Oh, I was reading it as something finishing with "gitmodules", and
another message starting with "Missing". The fact the error is so
long and on one line made me think that, I guess.

> > I can see what those fixes are trying to prevent, but they seem to be
> > overly restrictive, at least in the context of transfer.fsckObjects.
> > 
> > The core problem is that the mercurial repository has some .gitmodules
> > files in some subdirectories. As a consequence, the git objects storing
> > the info for those mercurial files contain trees with .gitmodules files
> > with a commit ref, and that's what the remote is complaining about.
> > 
> > (Surpringly, it doesn't hit the "non-blob found at .gitmodules" case
> > first, which is weird).
> 
> The reason it doesn't hit the "non-blob" case is that we are trying to
> analyze the object itself. So we don't pay any attention to the mode in
> the containing tree, but instead literally look for 81eae74b0. If it
> were a non-blob we'd complain then, but in fact we don't have it at all
> (which is otherwise OK because it's a gitlink).
> 
> > A small testcase to reproduce looks like this:
> > 
> > $ git init bar; cd bar
> > $ git fast-import <<EOF
> > commit refs/heads/bar
> > committer Bar <bar@bar> 0 +0000
> > data 0
> >                                                                  
> > M 160000 81eae74b046d284c47e788143bbbcc681cb53418 bar/.gitmodules
> >                                                                  
> > EOF
> >
> > [...]
> > 
> > Would it be reasonable to make the transfer.fsckObject checks ignore
> > non-blob .gitmodules?
> 
> I'm open to the idea that the new checks are too restrictive (both this
> and the gitmodulesParse error we're discussing in [1]). They definitely
> outlaw things that _used_ to be OK. And the security benefit is a little
> hand-wavy. They're not strictly needed to block the recent
> vulnerability[2].  However, they _could_ protect us from future problems
> (e.g., an overflow in the config-parsing code, which is not accessible
> to attackers outside of .gitmodules). So there is some value in being
> restrictive, but it's mostly hypothetical for now.
> 
> So I think we could simply loosen these cases without immediate effect.
> That said, I'm not sure that having a gitlink .gitmodules is sane in the
> first place. Attempting to "git submodule init" there is going to cause
> errors. Well, sort of -- your example actually includes it in a
> subdirectory of the repository, so technically we wouldn't use it for
> real submodules. That fudging (finding .gitmodules anywhere instead of
> just at the root) was a conscious decision to reduce the complexity and
> cost of the check.
> 
> It sounds like in this case you don't have existing history that does
> this with .gitmodules, but are rather looking into designing a new
> feature that stuffs data into git trees. I'd be interested to hear a bit
> more about that feature to see if there are other alternatives.
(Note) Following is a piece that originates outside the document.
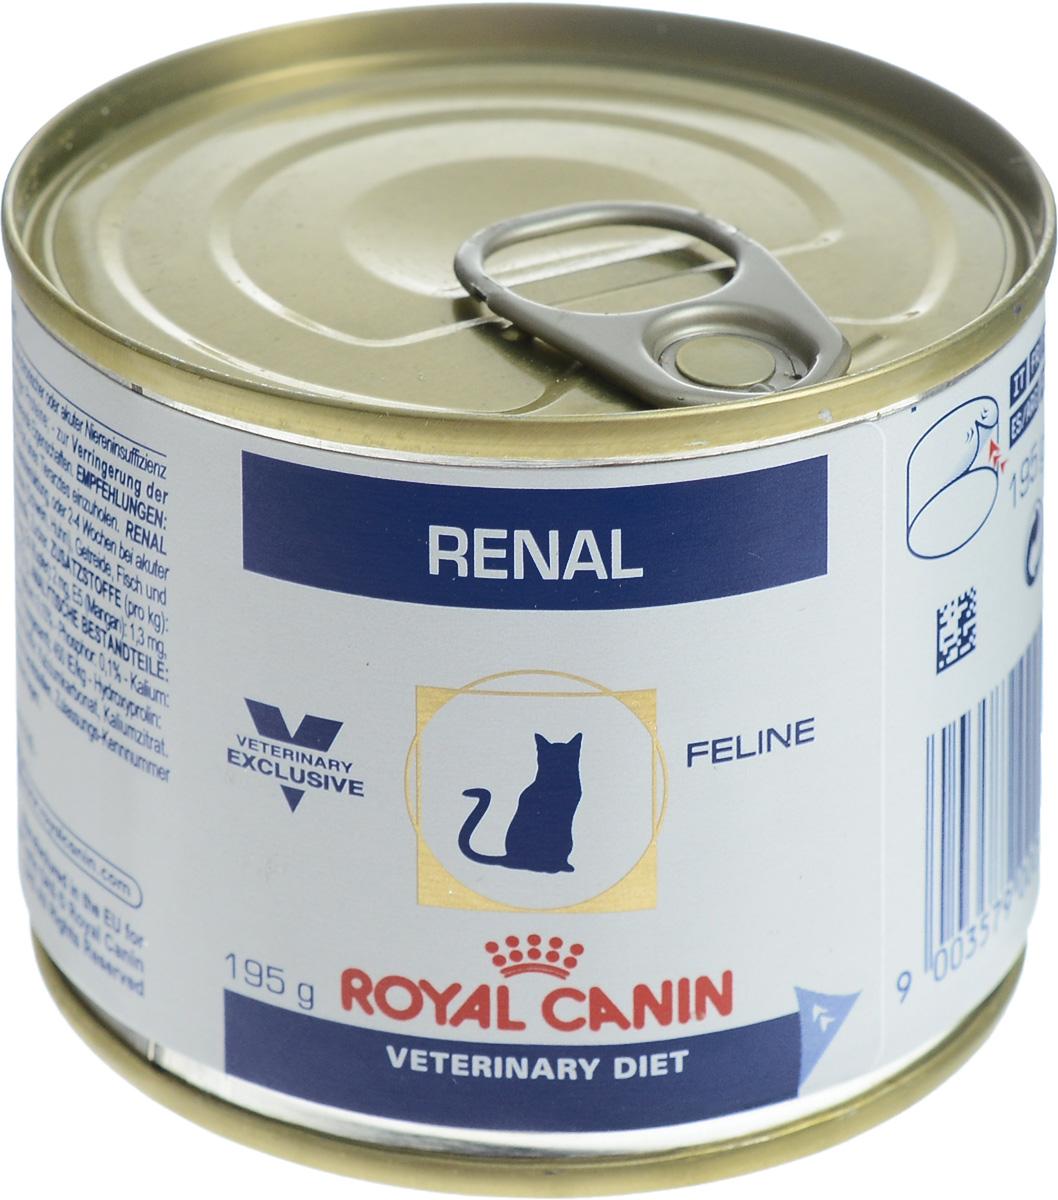 Консервы для кошек Royal Canin Renal, с почечной недостаточностью, с курицей, 195 г0120710Royal Canin Renal - полнорационный диетический корм для кошек. Применяется для поддержания функции почек при острой или хронической почечной недостаточности, благодаря пониженному содержанию фосфора и высококачественного белка. Корм способствует профилактике оксалатного уролитиаза, благодаря низкому содержанию кальция и витамина D и повышенной способности к защелачиванию мочи.Показания:- хроническая почечная недостаточность (ХПН); - профилактика рецидивов образования камней оксалата кальция у кошек с ослабленной функцией почек; - профилактика рецидивов уролитиаза (уратов, цистинов), вызванных снижением уровня рН мочи. Противопоказания:- беременность, лактация, рост.Формула продуктов специально разработана для поддержания почечной функции при ХПН. Продукты отличаются низким содержанием фосфора, содержат комплекс антиоксидантов, жирные кислоты ЕРА и DHA. При ХПН почки теряют способность надлежащим образом выводить фосфор. Низкое содержание фосфора в продукте способствует замедлению развития болезни. При кормлении диетическим кормом с адаптированным содержанием рыбьего жира (источника незаменимых жирных кислот ЕРА и DHA) повышается скорость клубочковой фильтрации. Чрезмерная нагрузка на почки может спровоцировать уремический криз. Высокое качество и адаптированное содержание белков способствуют снижению нагрузки на почки. Если содержание белка в рационе значительно превышает минимальные потребности, при сниженной экскреторной функции почек продукты распада азота накапливаются в биологических жидкостях.ХПН может привести к метаболическому ацидозу, поэтому в состав продуктов входят подщелачивающие вещества. Почки играют важнейшую роль в поддержании кислотно- щелочного баланса. При нарушенной функции почек их способность к выведению ионов водорода и реабсорбции ионов бикарбоната снижена, в связи с чем высок риск метаболического ацидоза.Специально разработанный ароматический профиль п

Yes, in fact, this history is not even meant to be checked out. It's
internal stuff, stuck in a ref in a non-traditional ref namespace (that
is, it's not under refs/heads, refs/tags, etc., it's under
refs/cinnabar)

I'd rather avoid using entirely new features that wouldn't work with
widely used git versions. I can actually work around the current problem
by adding a prefix to all file names. That doesn't sound great, but is
probably good enough. In fact, it might even avoid future similar problems.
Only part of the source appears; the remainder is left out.